Work instruction. From the line containing "Ocho printed t-shirt" through the last line of the material, copy every line exactly, both ends inclusive; do not copy pictures.

------ Raw data ------

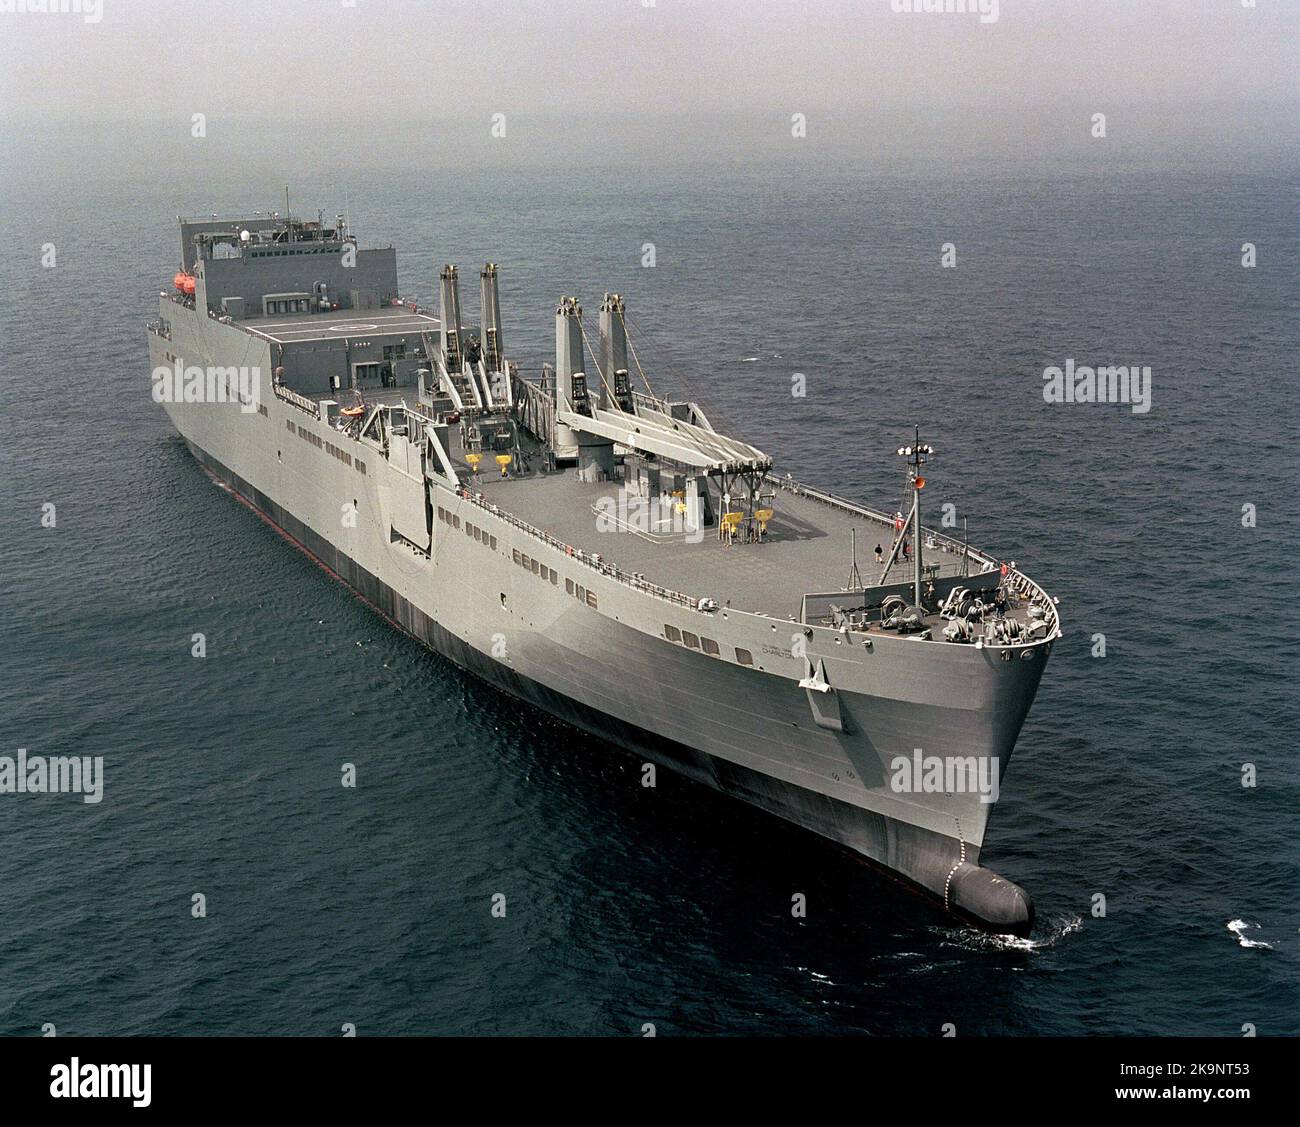 Military Sealift Command strategic heavy lift ship USNS CHARLTON (T-AKR 314) Stock Photo
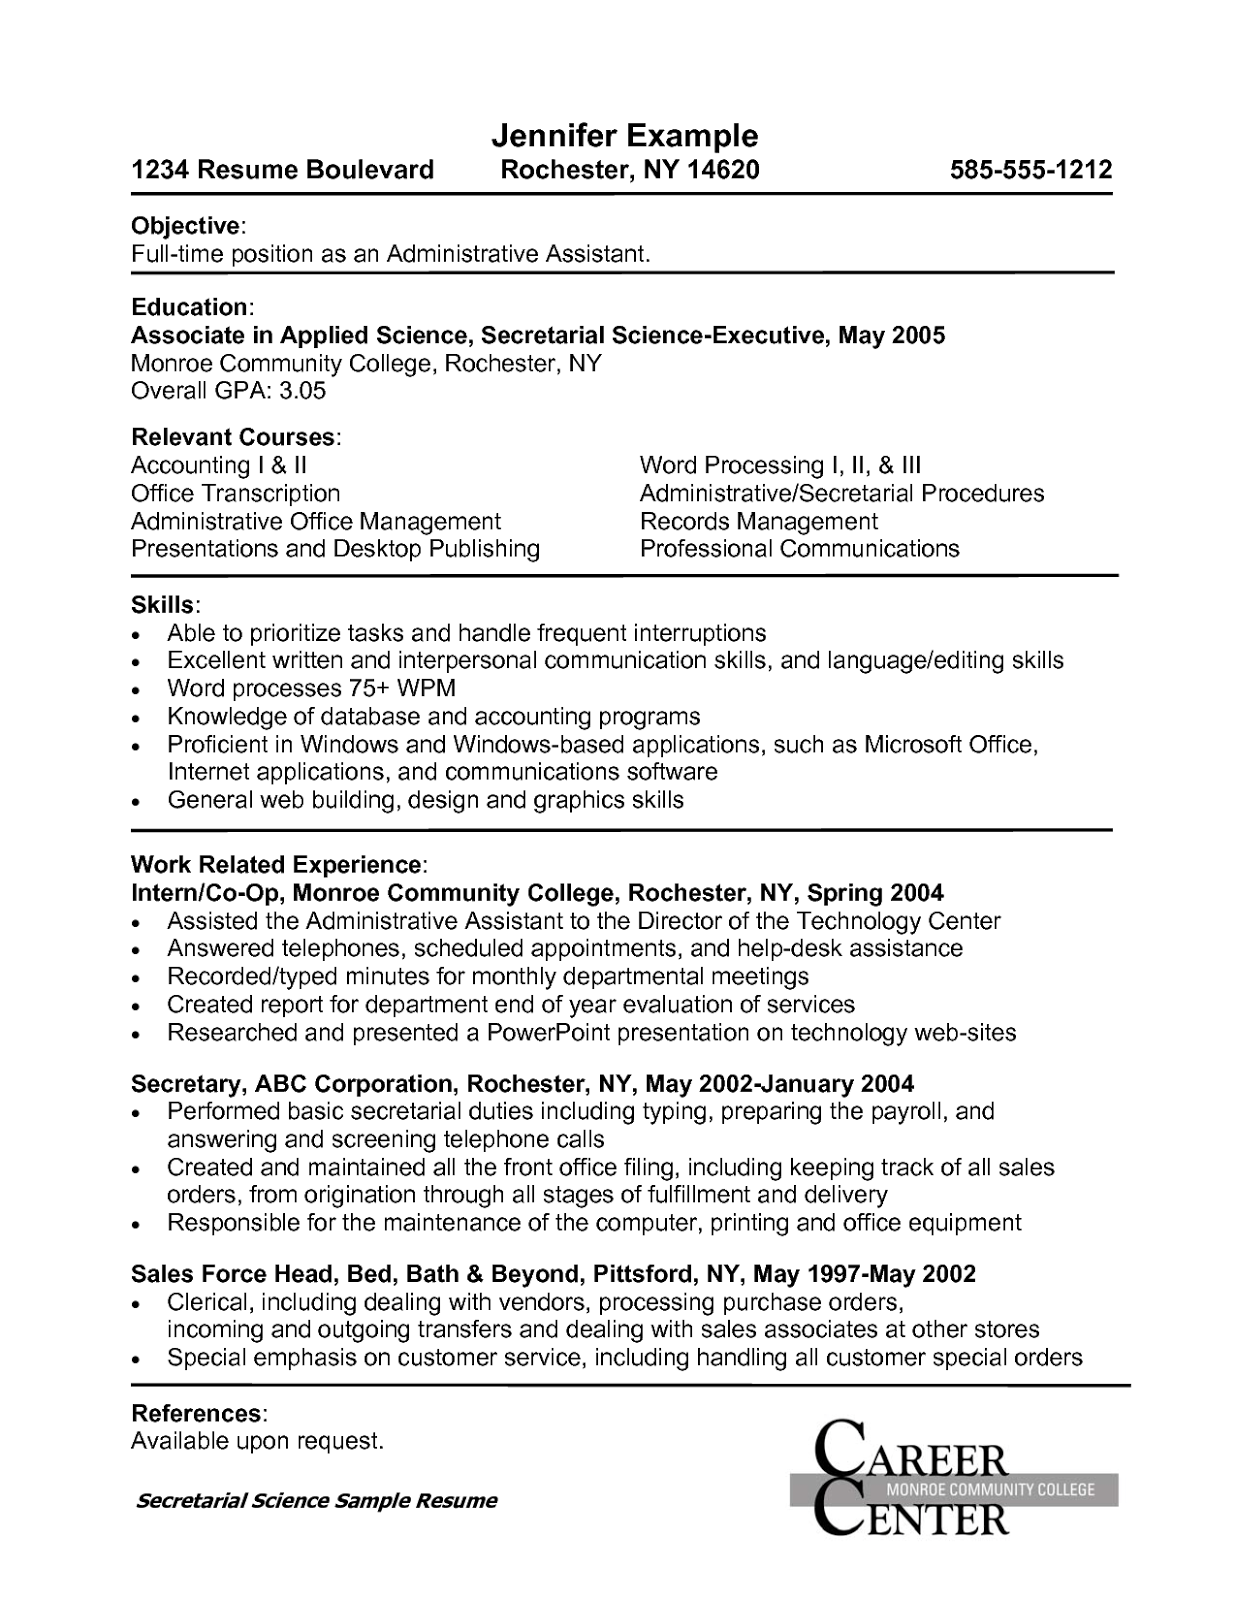 Admin assistant resume job description
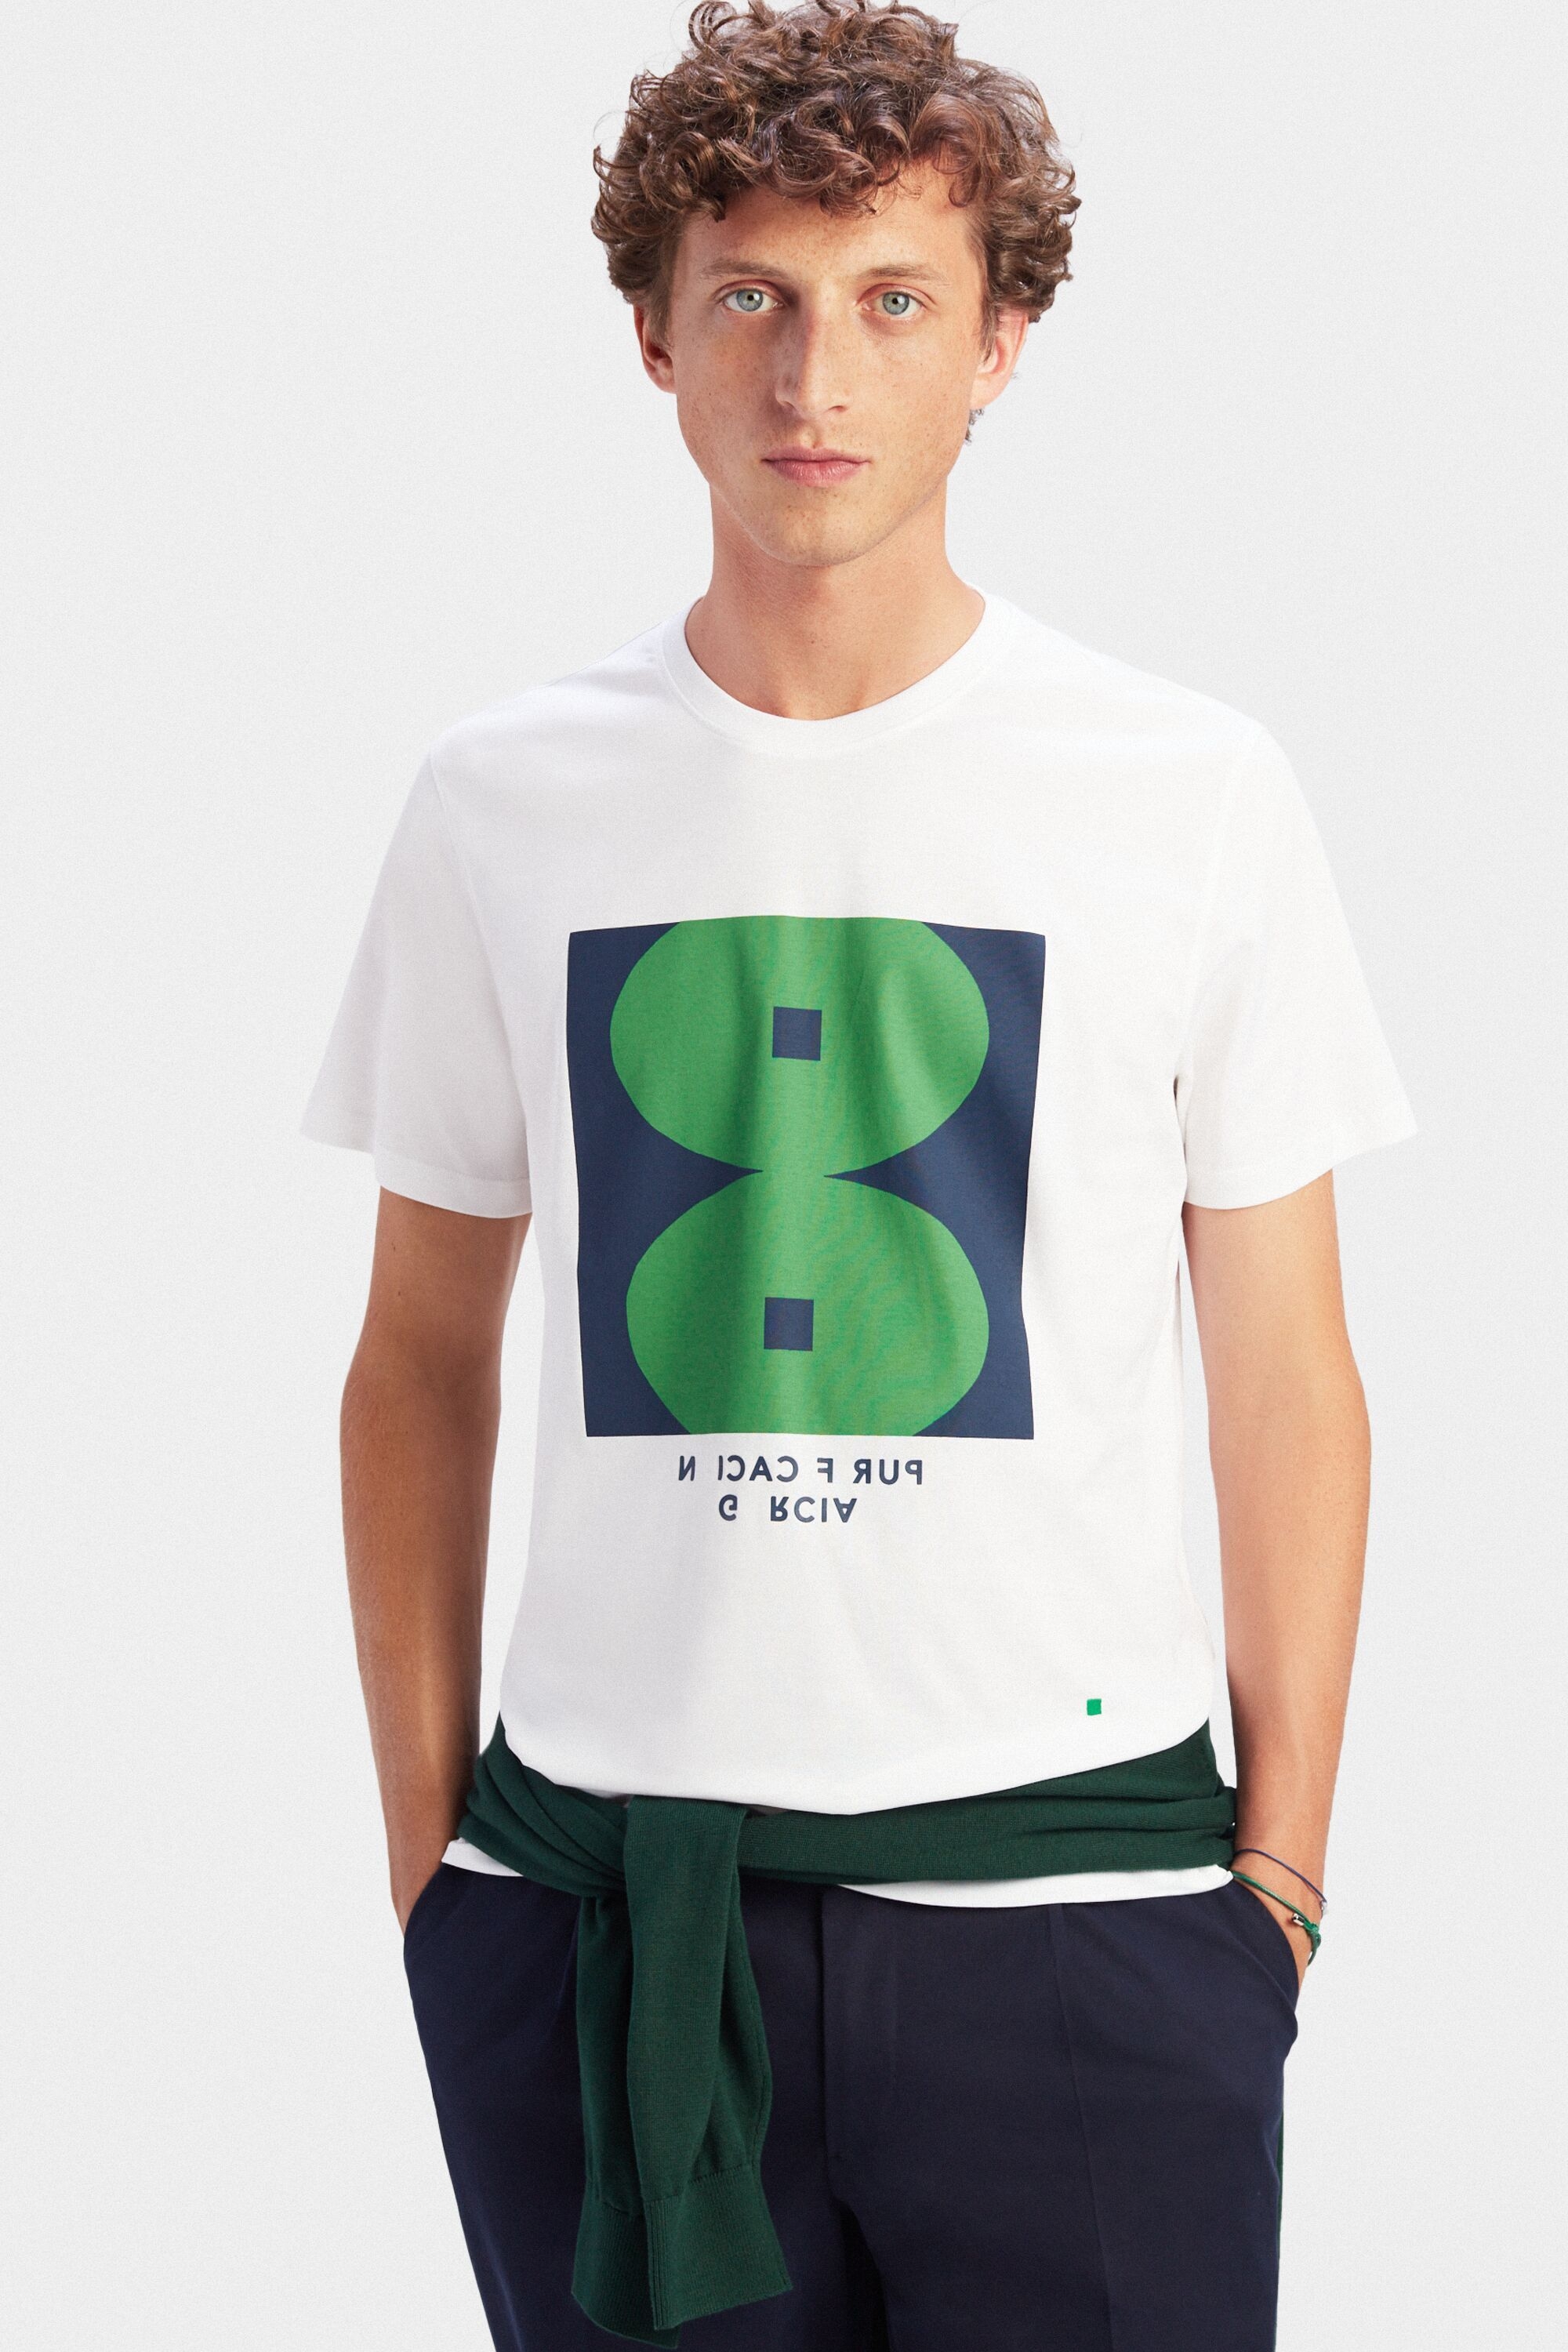 Ocho printed t-shirt
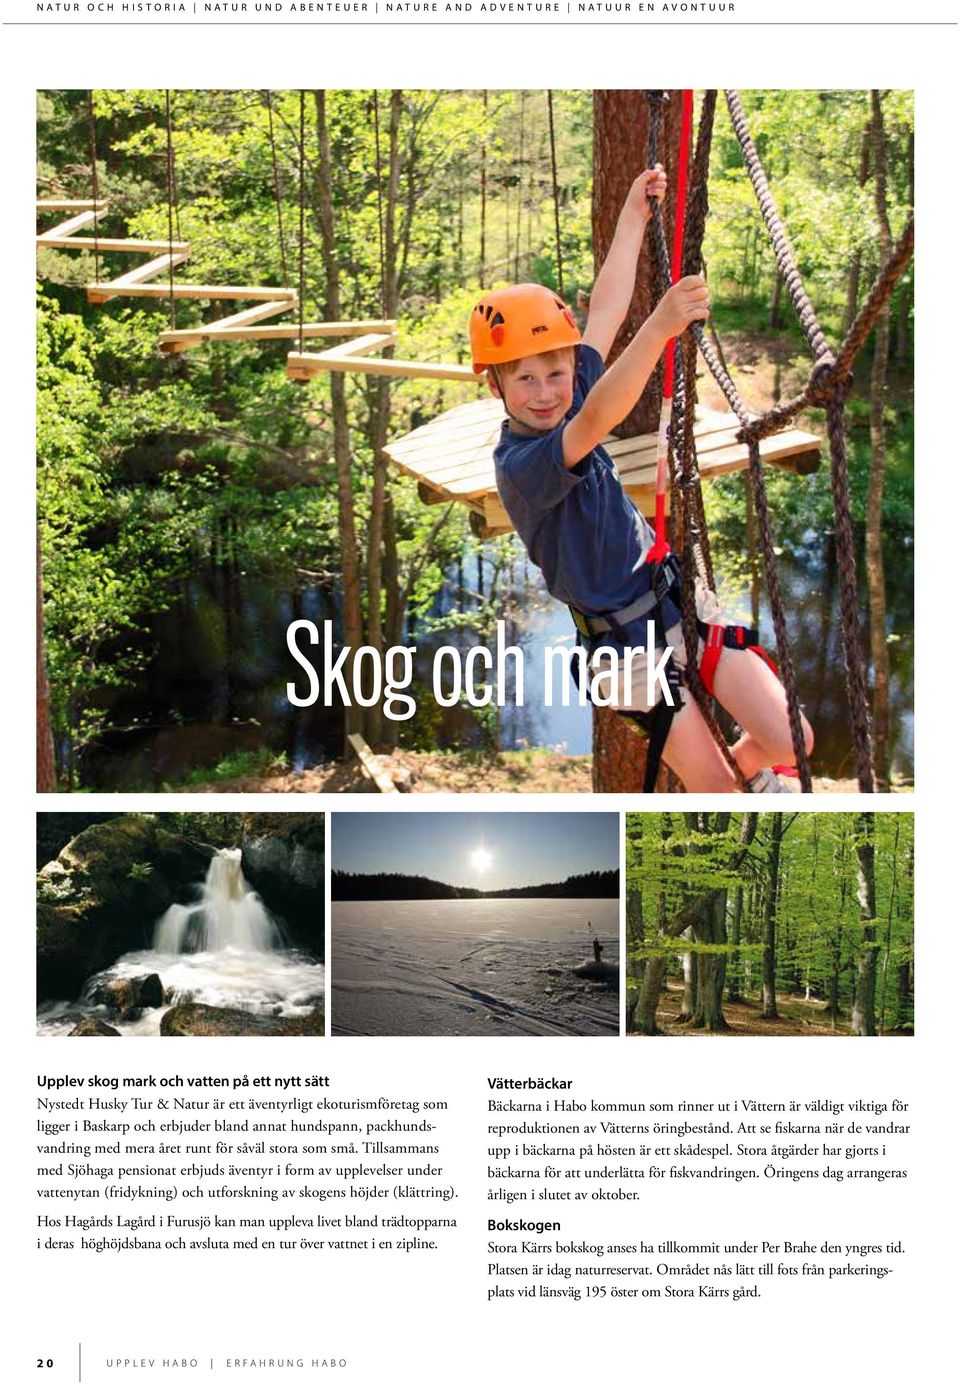 Tillsammans med Sjöhaga pensionat erbjuds äventyr i form av upplevelser under vattenytan (fridykning) och utforskning av skogens höjder (klättring).

------

Response below.
 Ocho printed t-shirt
 Tillsammans med Sjöhaga pensionat erbjuds äventyr i form av upplevelser under vattenytan (fridykning) och utforskning av skogens höjder (klättring).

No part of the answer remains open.